For more than a century, dams have blocked thousands of miles of steelhead habitat, but the tide is starting to turn. For the first time in American history, dams are being removed faster than they are being constructed. High-profile dam removal projects on the Elwha, White Salmon, Sandy, and Rouge Rivers are demonstrating the benefit of dam removal for both watershed recovery and local communities. Additionally, with a tentative agreement in place to remove four dams on the Klamath River in California, which would be the largest dam removal project ever attempted, the case for the benefits of dam removal will continue to get stronger.

The wave of dam removals sweeping through the West is ushering in hope for the 21st Century becoming the era of river reclamation. Of all the dams being considered for breaching, none are more important than the removal of the four lower Snake River dams, which are the greatest impediment to steelhead and salmon recovery in the Columbia system. Elsewhere in the Columbia River basin, migratory fish passage is being implemented in the Yakima River basin, and negotiations are underway to consider returning migratory fish above the Grand Coulee Dam where hundreds of miles of great habitat remains.

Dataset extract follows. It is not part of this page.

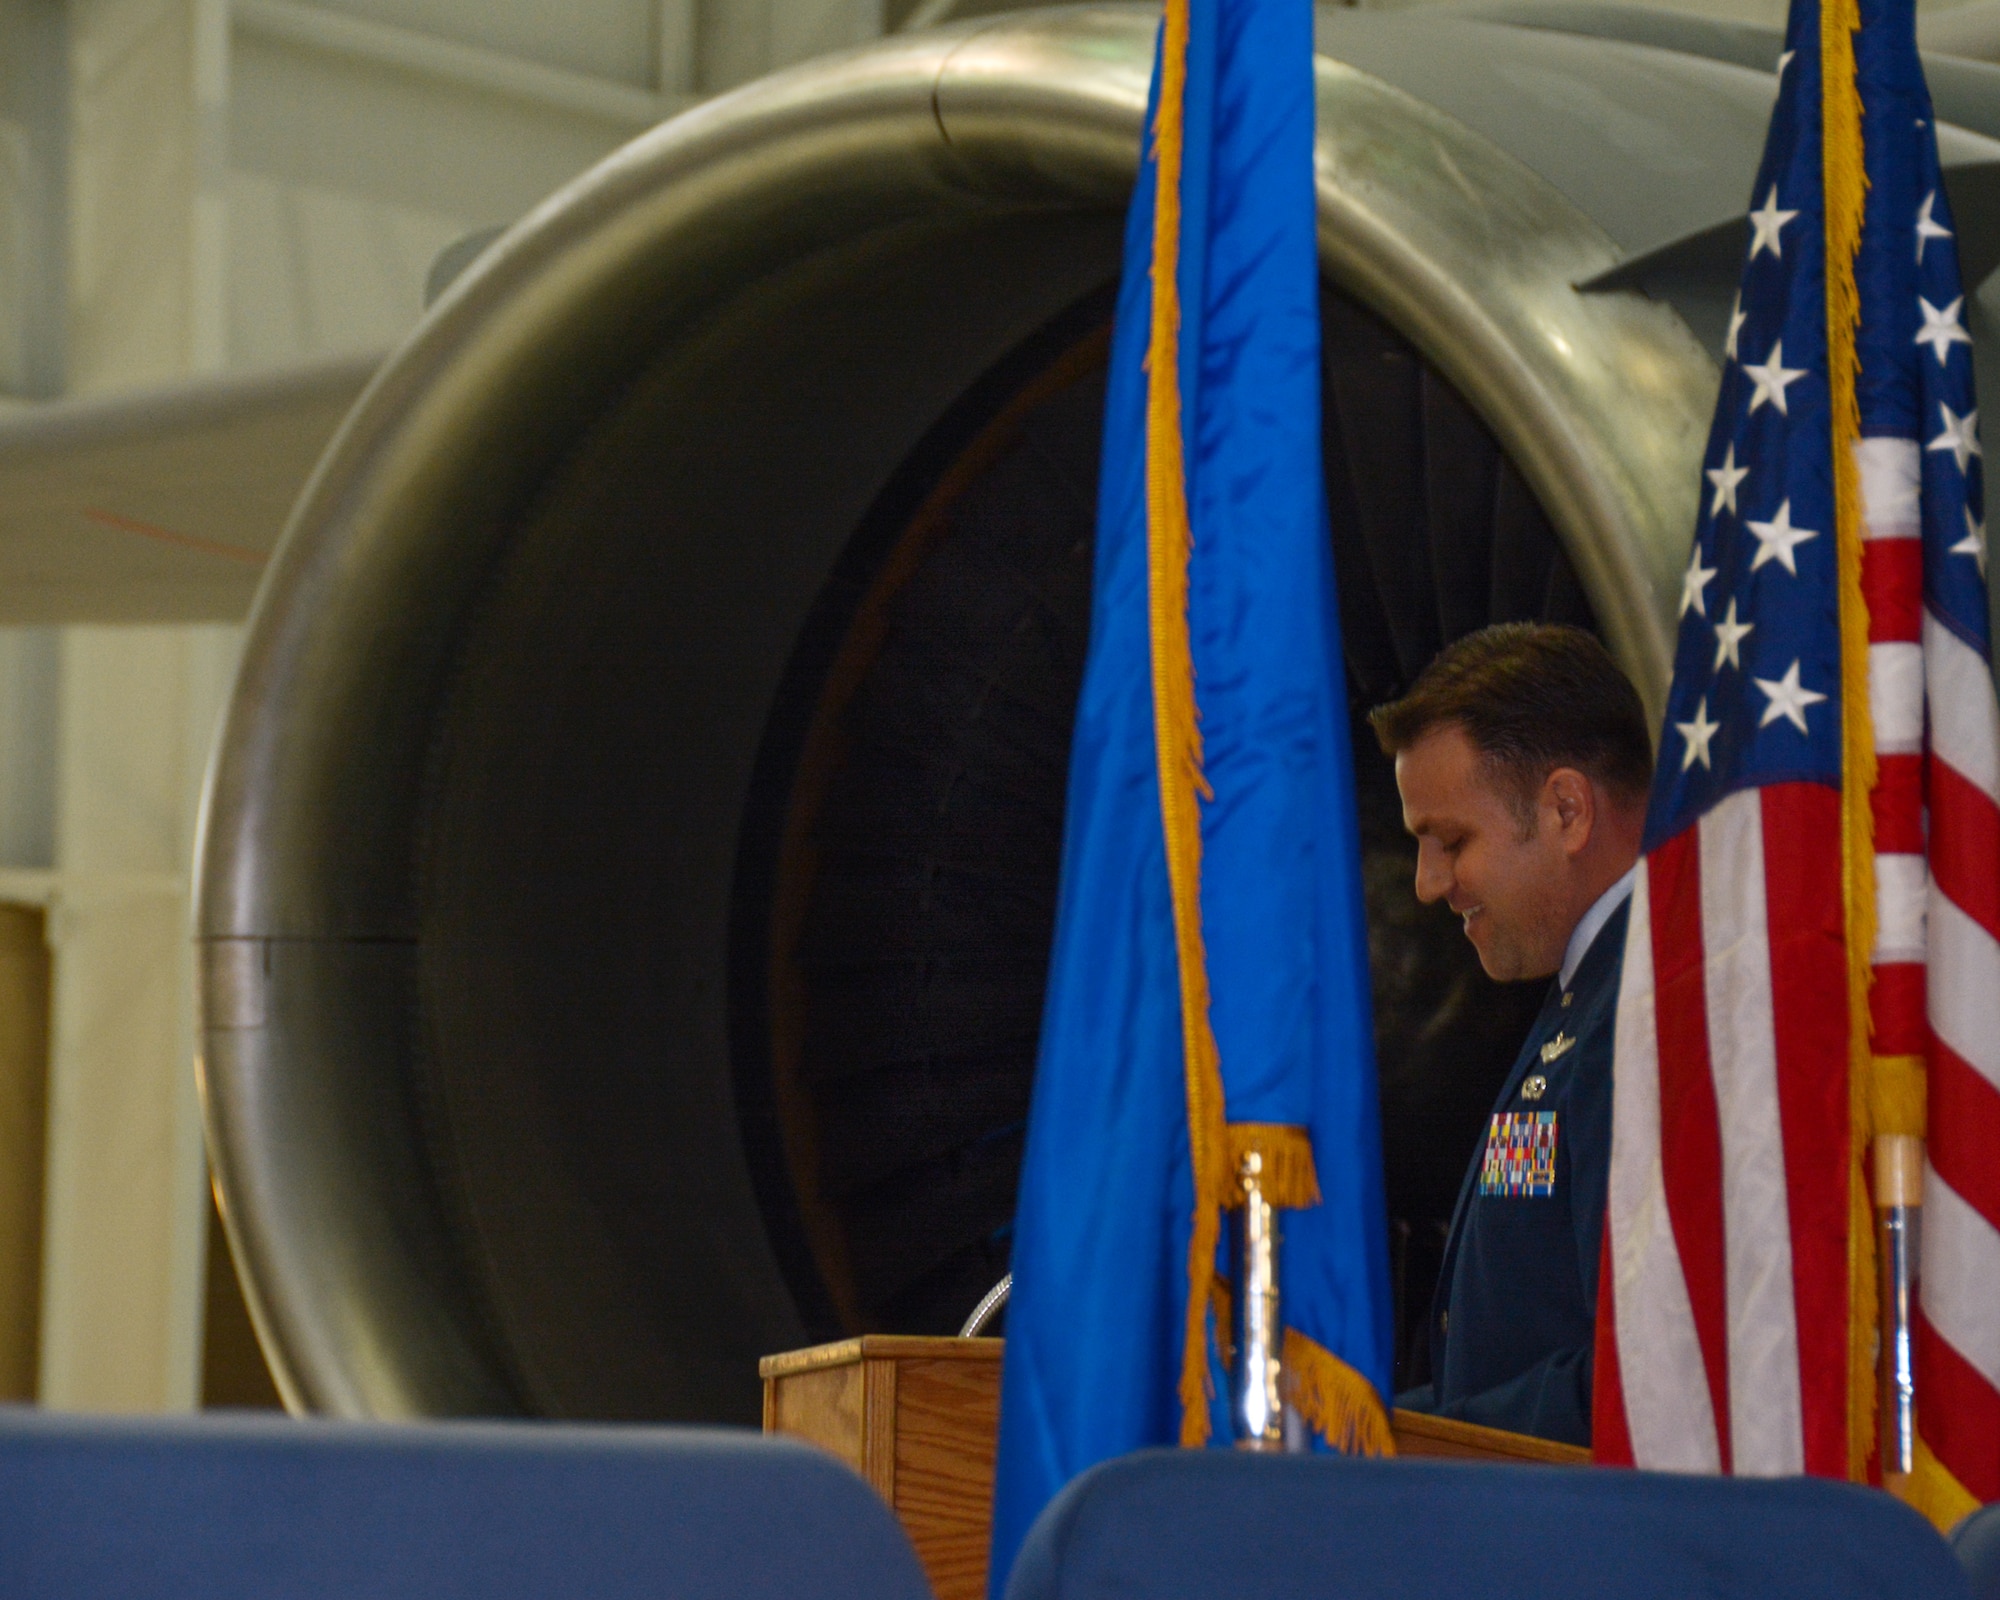 U.S. Air Force Lt. Col. Joseph D. Wall, the new 79th Air Refueling Squadron commander, speaks during a change of command ceremony at Travis Air Force Base, Calif., Jan. 7, 2017.  Wall promised transparency, competence and commitment to excel by leveraging the combined experience and talents of the Citizen Airmen under his charge.  (U.S. Air Force photo by Senior Airman Chris Massey)

While the massive hydroelectric dams make the largest impact on river systems, there are also many smaller dams, poorly designed culverts, and other impoundments that negatively affect steelhead migration and must be addressed. As this infrastructure ages and its negative impacts on fish and watershed health continue to become more apparent, there will be heightened opportunities for local communities and governing agencies to improve and restore fish passage.

In order to make the 21st Century truly the era of river reclamation, steelhead advocates need to be united, organized, and prepared to effectively support reclamation opportunities. Likewise, wild fish advocates need to be vigilant whenever old dams seek re-licensing and when there are calls for new dams such as the proposed Chehalis Dam in Washington. We must also be able to bring to bear the best science and engineering to create solutions that serve local communities and watersheds better than fish-blocking dams. The future of wild steelhead depends upon our ability to win these fights and usher in an unprecedented era of river restoration.